** DATA SEGMENT follows **

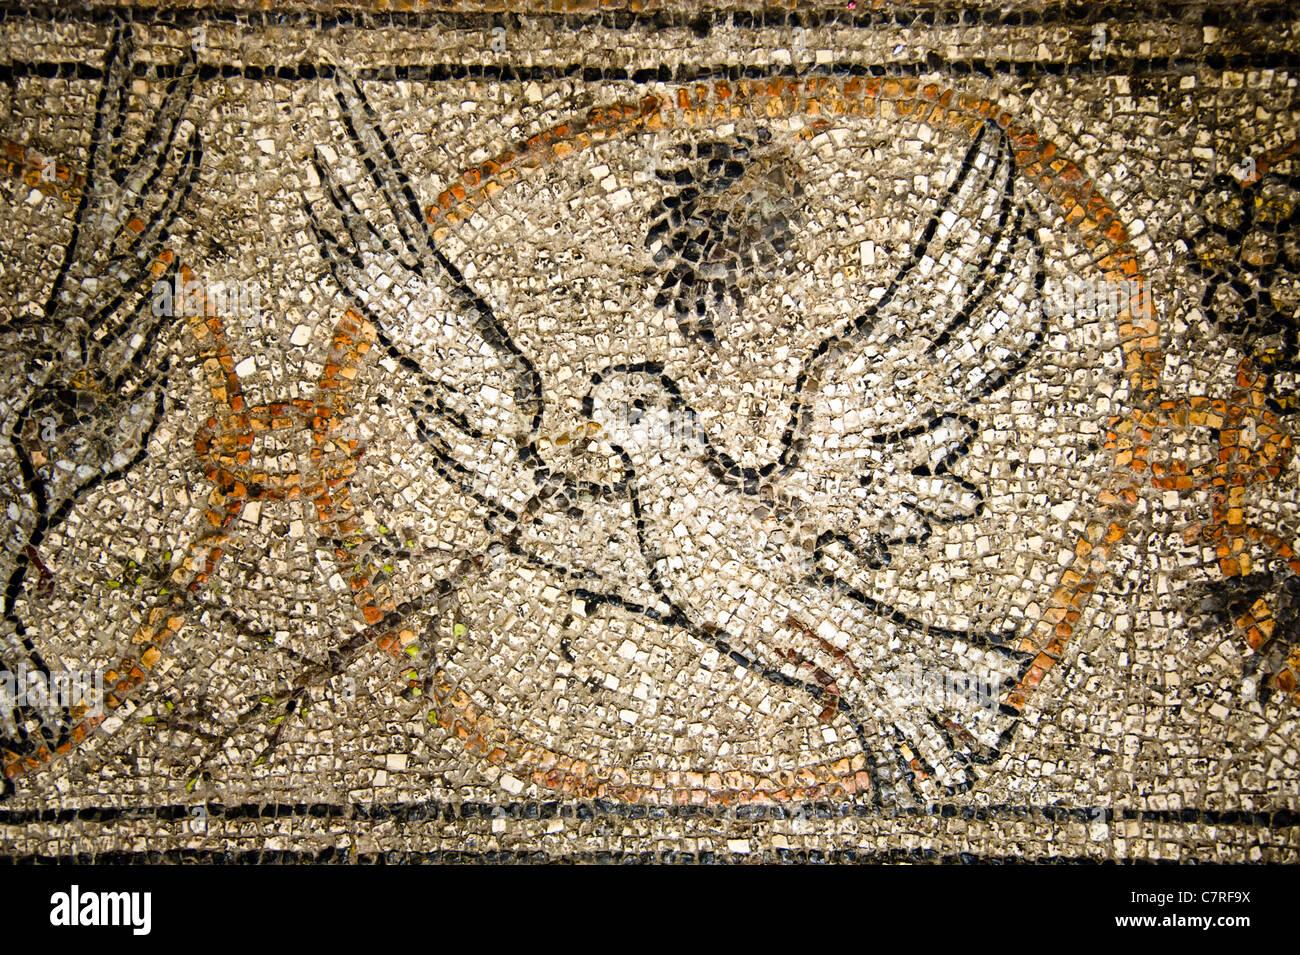 Mosaik einer Taube mit einem Olivenzweig auf dem Boden der Kirche des Heiligen Grabes, Jerusalem. Stockbild
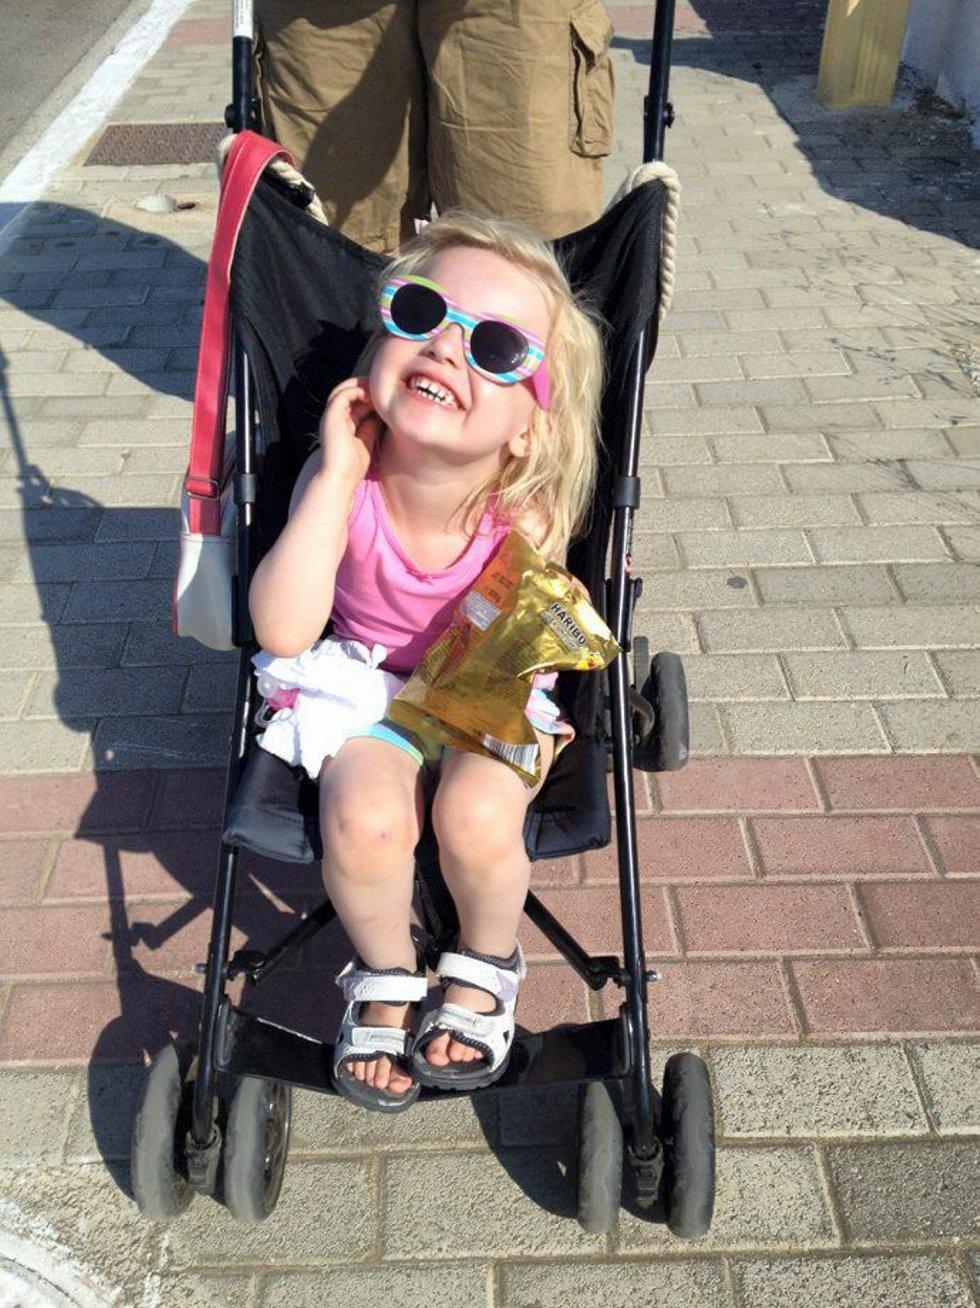 Emilie hilser: Her kommer en sommerhilsen til alle jeg kjenner! Klem fra Emilie. Foto: Christine Holten (Foto: )
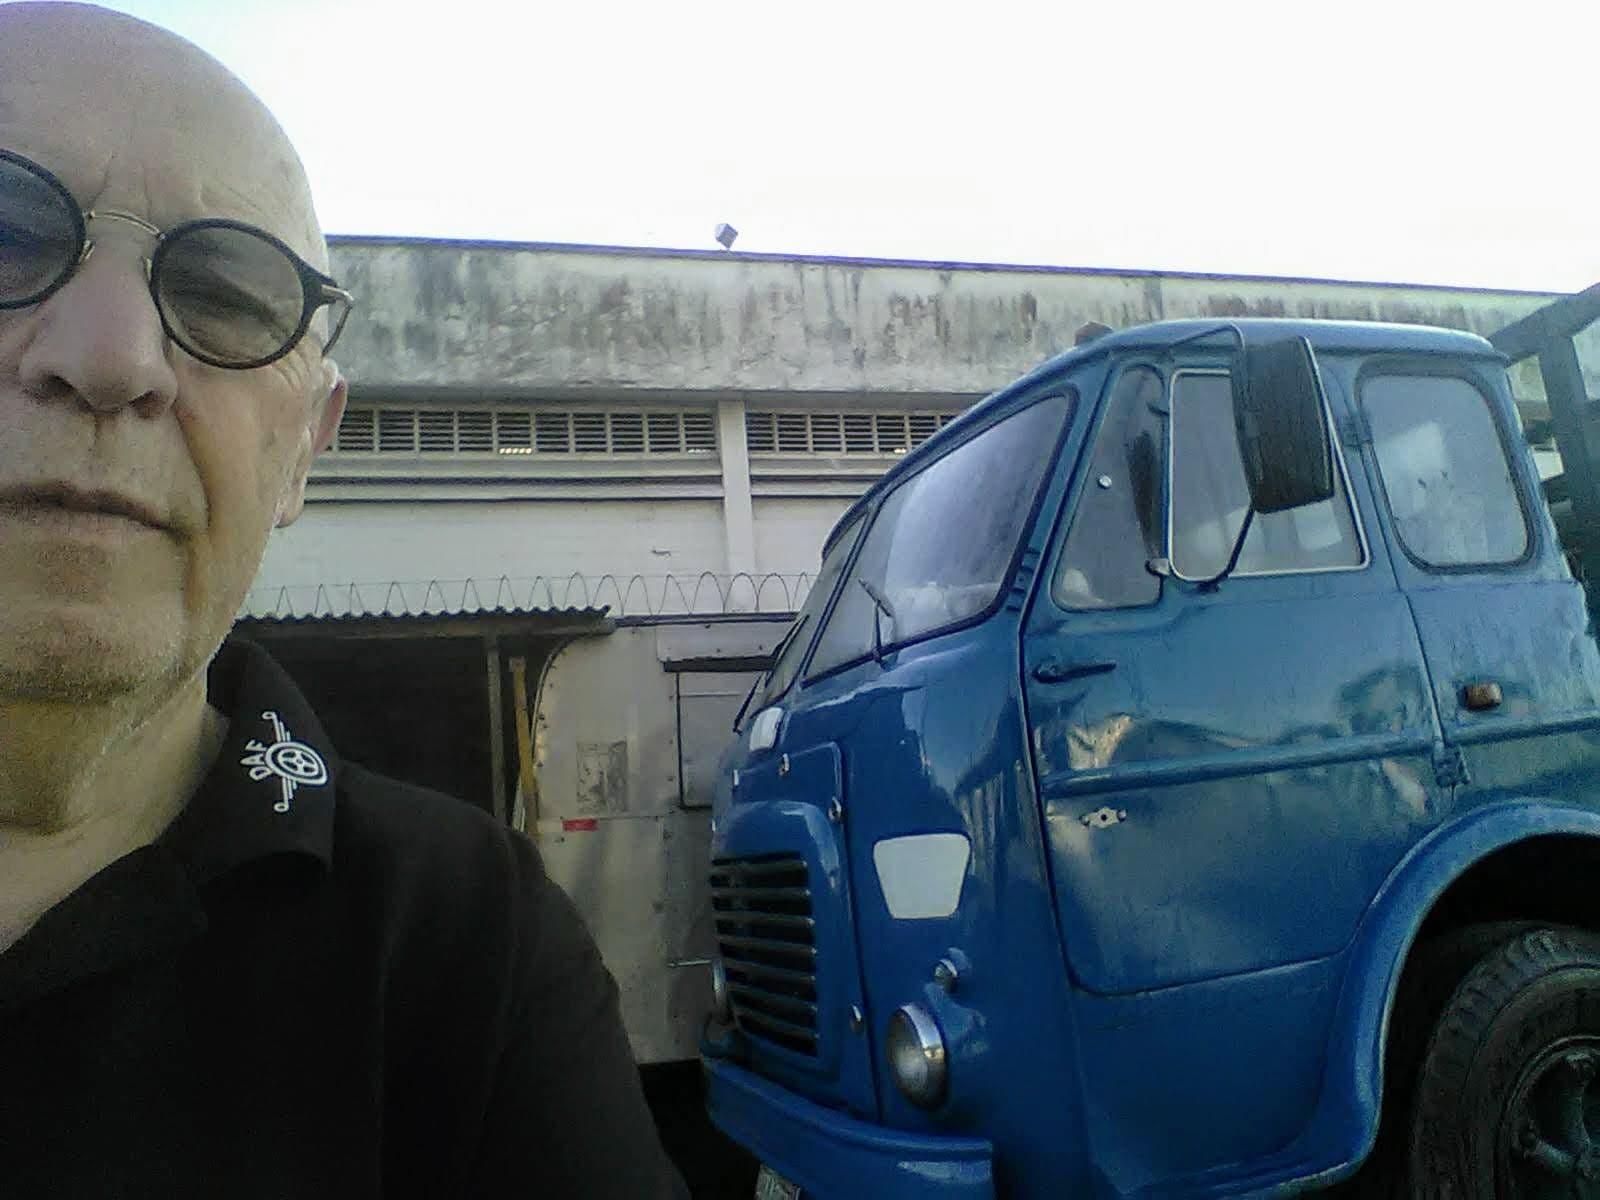 11-6-2019--FNM-met-onderdelen-van-Alfa-Romeo.bouw-jaar-1977-van-de-zelfde-eigenaar-dodemans-deuren-en-twee-poken-voor-versnelling-1

** End of DATA SEGMENT **

- WHAT THIS TASK INVOLVES -
Only the lines from the one with "Emilie hilser: Her" through the last line above belong in the answer. Reproduce them exactly, without the pictures.

- SOLUTION BELOW -
 Emilie hilser: Her kommer en sommerhilsen til alle jeg kjenner! Klem fra Emilie. Foto: Christine Holten (Foto: )
 11-6-2019--FNM-met-onderdelen-van-Alfa-Romeo.bouw-jaar-1977-van-de-zelfde-eigenaar-dodemans-deuren-en-twee-poken-voor-versnelling-1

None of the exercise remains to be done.